ÉPOCA - Mas por que você acha que eles enxergam dessa maneira?
Silberstein
- Ciúme é uma das paixões. Imagine que você gosta muito de uma pessoa e se casa com ela. Aí entra a sogra. Ela vê que o filho está apaixonado, que uma pessoa está roubando o filho dela. Mas não é verdade. Também há uma certa frustração por eu não ter seguido o script que eles queriam. No meu caso, resolvi entregar minha vida a Deus.

ÉPOCA - Como você lida com o cilício?
Silberstein -
O cilício aparentemente choca, parece absurdo, medieval. Mas o Opus aproveita uma série de coisas antigas numa realidade nova. Acho que as pessoas não se escandalizam por causa da dor, porque hoje elas se submetem a coisas que provocam dor e que são desagradáveis só para ficar bonitas. O que escandaliza as pessoas é fazer algo desagradável por Deus.

ÉPOCA - Como é seu cotidiano? Com relação a livros e filmes, por exemplo?
Silberstein -
Como qualquer pai de família preocupado com a formação, a Obra tem de se preocupar com que não entre bobagem na cabeça dos filhos. Um numerário não pode ir ao cinema, mas não quer dizer que cinema seja bobagem. A gente assiste a filmes nos centros.

ÉPOCA - Qual foi o último filme que viu?
Silberstein -
Batman! É ótimo.

ÉPOCA - E livros?
Silberstein -
Livro que fala mal da Igreja, que te deixa deprimido, não pode. Nos centros há bibliotecas com bons livros.

ÉPOCA - O que está fora não é aconselhável?
Silberstein
- Exatamente.

ÉPOCA - Quais os autores que você sabe que não são bem vistos?
Silberstein -
(José) Saramago, por exemplo. Por que você vai ler uma coisa que fala mal do que você ama?



Os anos sombrios
Depois de mais de uma década na Obra, Thelma Pavesi luta para amarrar os pedaços da vida que deixou para trás

'Eu era uma das melhores da turma no curso de Química, da Unicamp. Namorava há sete anos, pretendia me formar e casar. Fui convidada por uma colega para assistir aulas de doutrina católica. Fui apenas para ser simpática. E continuei freqüentando por causa da insistência da moça que me 'tratava', é assim que eles dizem. Ela era responsável pela 'moça de São Rafael'', como chamam a garota que tem chances de 'apitar', entrar para a Obra. No caso, eu.
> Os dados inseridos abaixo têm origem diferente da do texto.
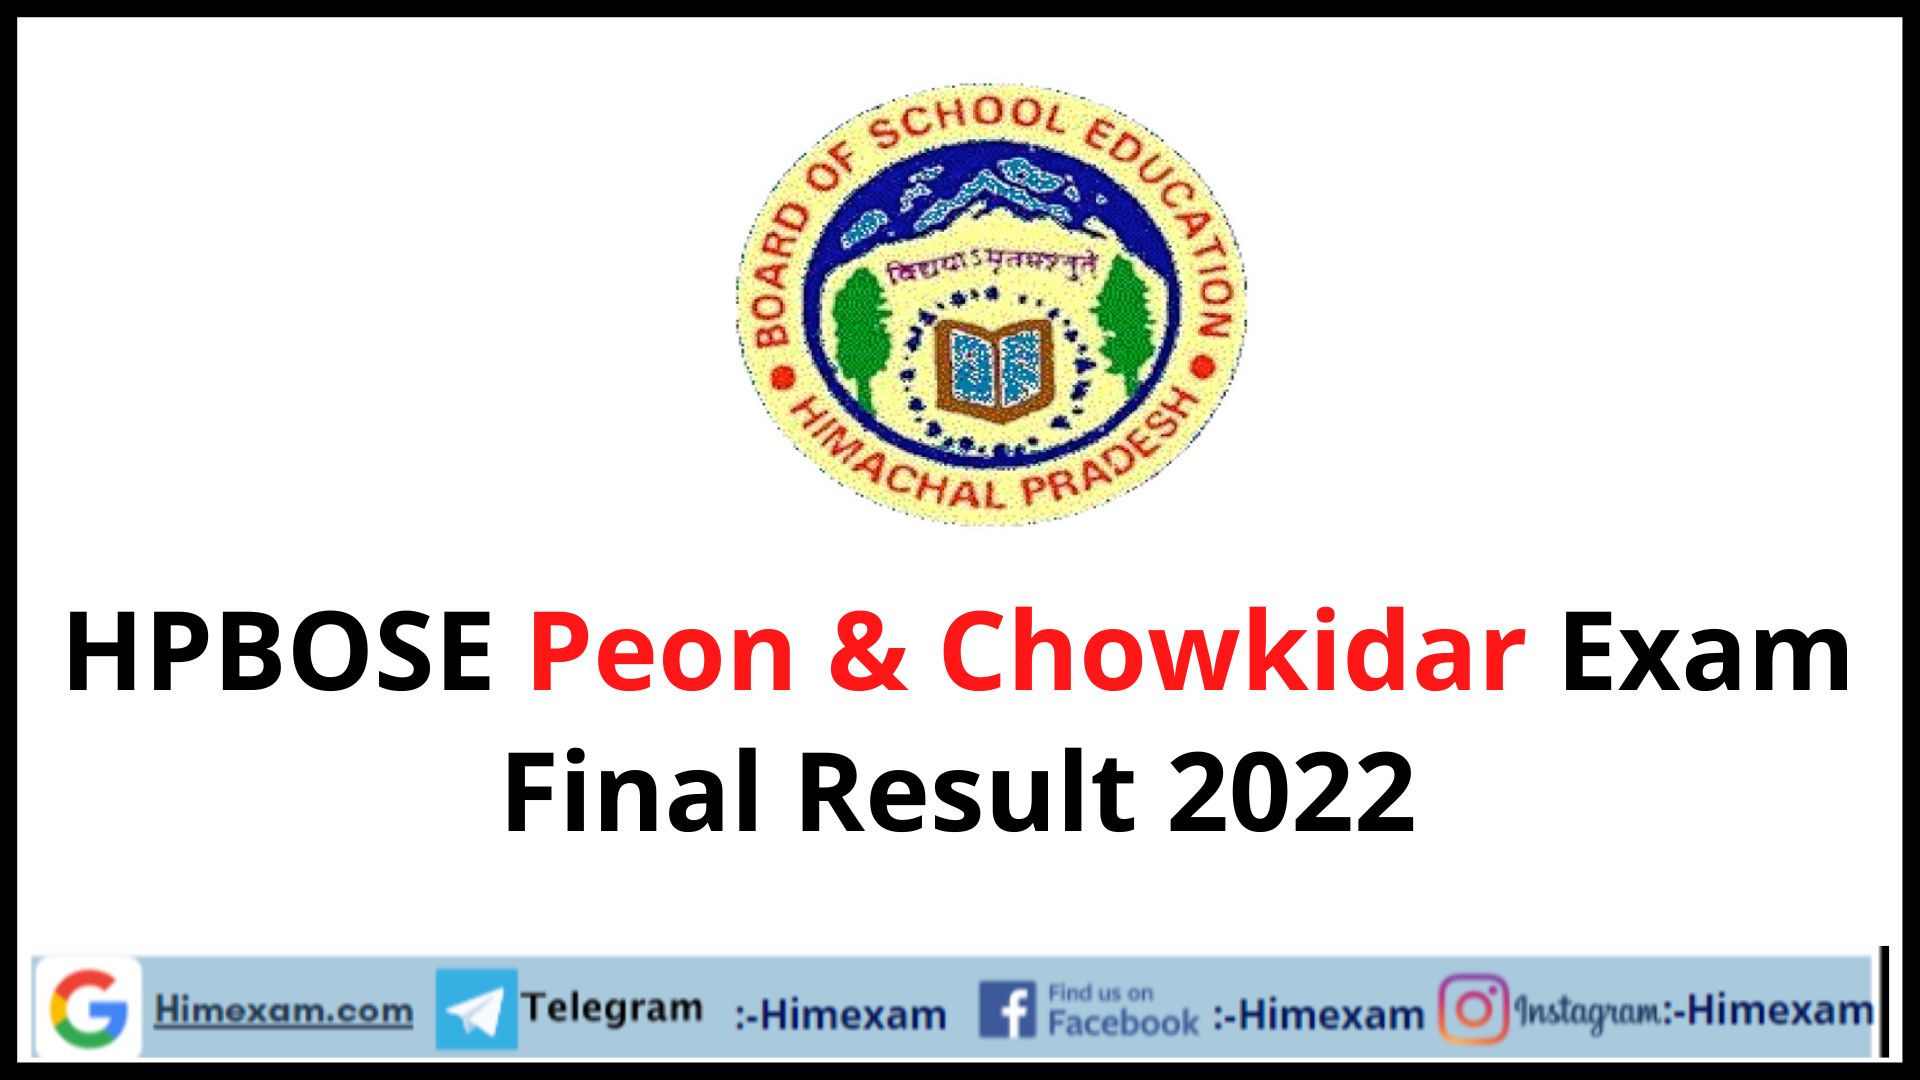 HPBOSE Peon & Chowkidar Exam Final Result 2022

Essa pessoa faz um levantamento sobre a sua vida, situação financeira, profissional, amorosa. Ela foi entrando na minha intimidade até perguntar se eu era virgem. Se não fosse, seria um critério para desistirem de mim. Para apitar, eles criam uma crise vocacional. Dizem: 'Deus te chama. E chama só uma vez''.

Chegou a um ponto em que eu não conseguia mais trabalhar, comer, dormir porque Deus esperava a minha resposta. Fui instruída a desmanchar o namoro. Quando finalmente apitei senti alívio porque fiz o que esperavam de mim. No dia seguinte passei por um enorme arrependimento, mas já tinha dado a minha palavra a Deus. Se desistir você é uma traidora, uma Judas, é inferno certo.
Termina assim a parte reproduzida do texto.